Зато патриарх восхваляется и прославляется в столь гиперболически торжественных выражениях, что они кажутся невозможными даже в рамках «панегирического» стиля или стиля «второго монументализма»[136]
. Почти весь текст послесловия посвящен прославлению величия Никона и поруганию невежества и духовной злобы нападающих на него врагов «истинной веры». Славословие патриарху начинается утверждением, что «богоизбранный святейший патриарх» – «первопрестольный в богоначальствующем… свещенноначалии свещенноначальник; богоданный в светловодительстве всея Великия и Малыя и Белыя России светловодитель, благотщаливый словенского стада Христова пастырству своему… пастырь» (с. 8). Таким образом, в титуловании патриарха повторена даже основная формула территориального простирания царской власти.После низложения Никона традиция прославления царя как единого и единственного представителя божественной и земной власти, божественности источника и смысла его политики возрождается и развивается. События середины века, связанные с изданием печатного свода законов, унификация и бюрократизация управления государством, напряженность социальной и духовной борьбы, нерешенность основных внешнеполитических проблем постоянно получают отражение в книжной публицистике, демонстрируя ее все более последовательную и прямую ориентацию на укрепление самодержавия.
Об этом позволяют судить послесловие Кормчей книги, написанное еще при патриархе Иосифе (до 1650 г.), и предисловие к книге «Жезл правления» Симеона Полоцкого, составленной по определению Собора русских и греческих иерархов и им же одобренной (вышла между 10 февраля и 10 августа 1667 г.). За годы, прошедшие между этими двумя изданиями, состоялись церковные реформы, полностью принятые государством; раскол Православной церкви превратился в постоянный факт внутренней жизни; патриарх Никон провозгласил превосходство «священства» над «царством», а себя стал именовать «Великим государем» и затем оказался в ссылке. Публицистические дополнения обеих книг подчеркивают, что в столь трудное время, переживаемое народом, по словам послесловия к Кормчей (л. 642–647), «Новому Израилю не от Египта бежащу, но от лютаго греха» особенно необходимо твердое руководство в отстаивании истинной веры.

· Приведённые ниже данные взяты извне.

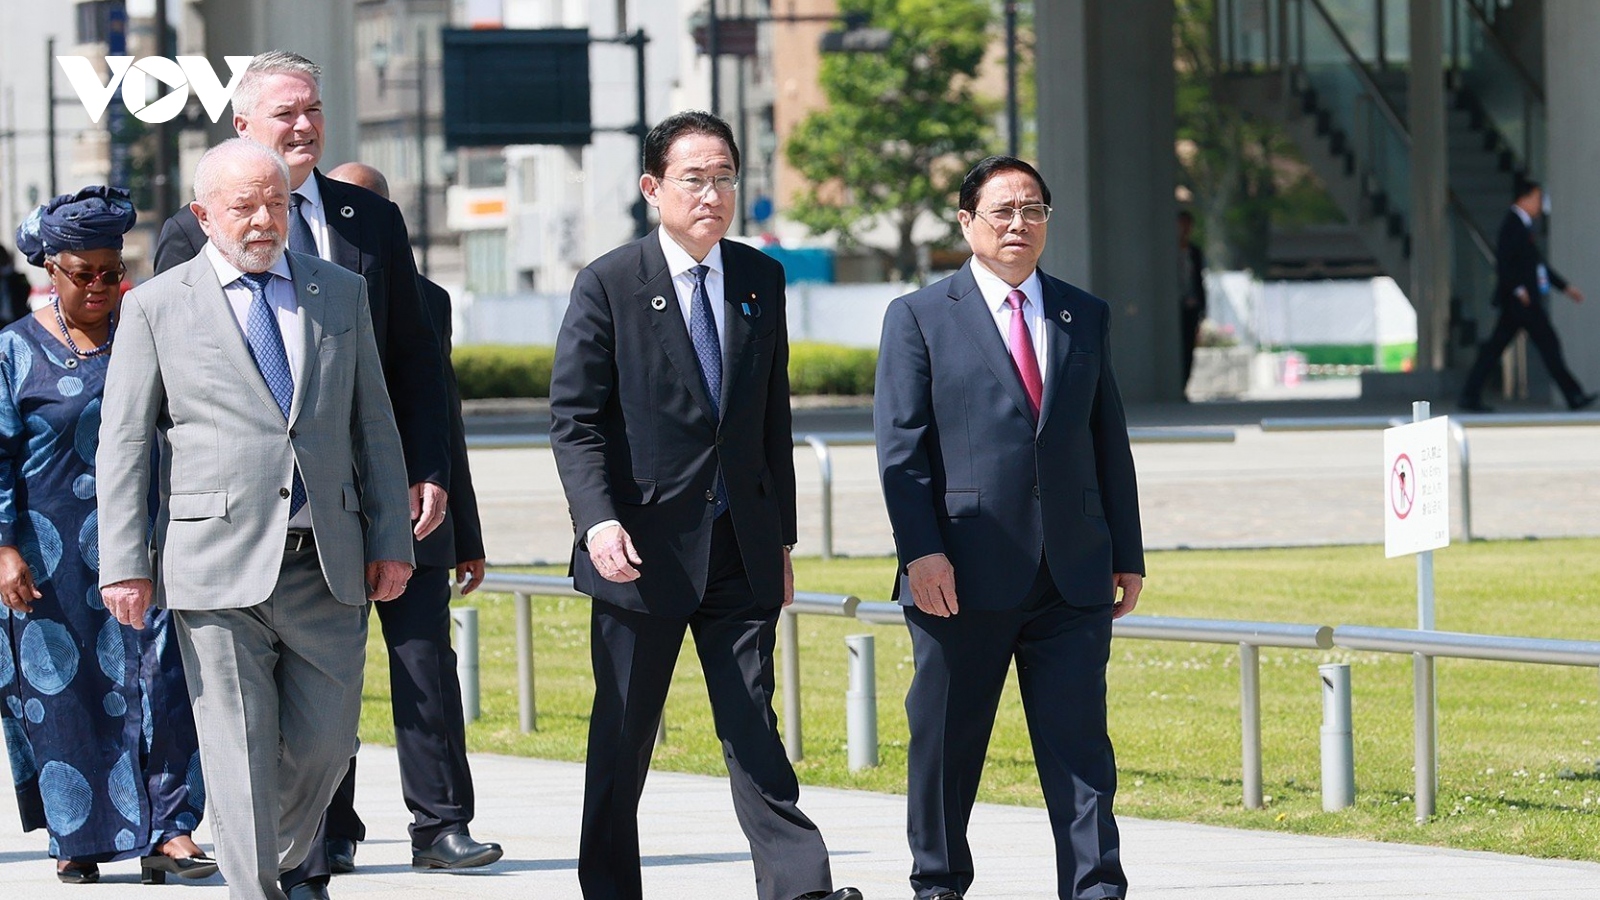 Hội nghị G7 mở rộng để lại dấu ấn sâu đậm về vai trò và uy tín quốc tế của Việt Nam

В послесловии Кормчей книги излагается мысль о том, что «кормчество» – главнейшее качество и «в кораблеплавательном художестве чювьственнаго мира», и в «художестве кораблеплавательном божественного Писания». Отсюда важность изданной книги, поскольку «мудрокормный кормчий и великоразумный хитрец» Алексей Михайлович «восхоте к своему хитрому и мудрокормному кормчеству царствия своего… и сие духовное кормничество предати»[137]
.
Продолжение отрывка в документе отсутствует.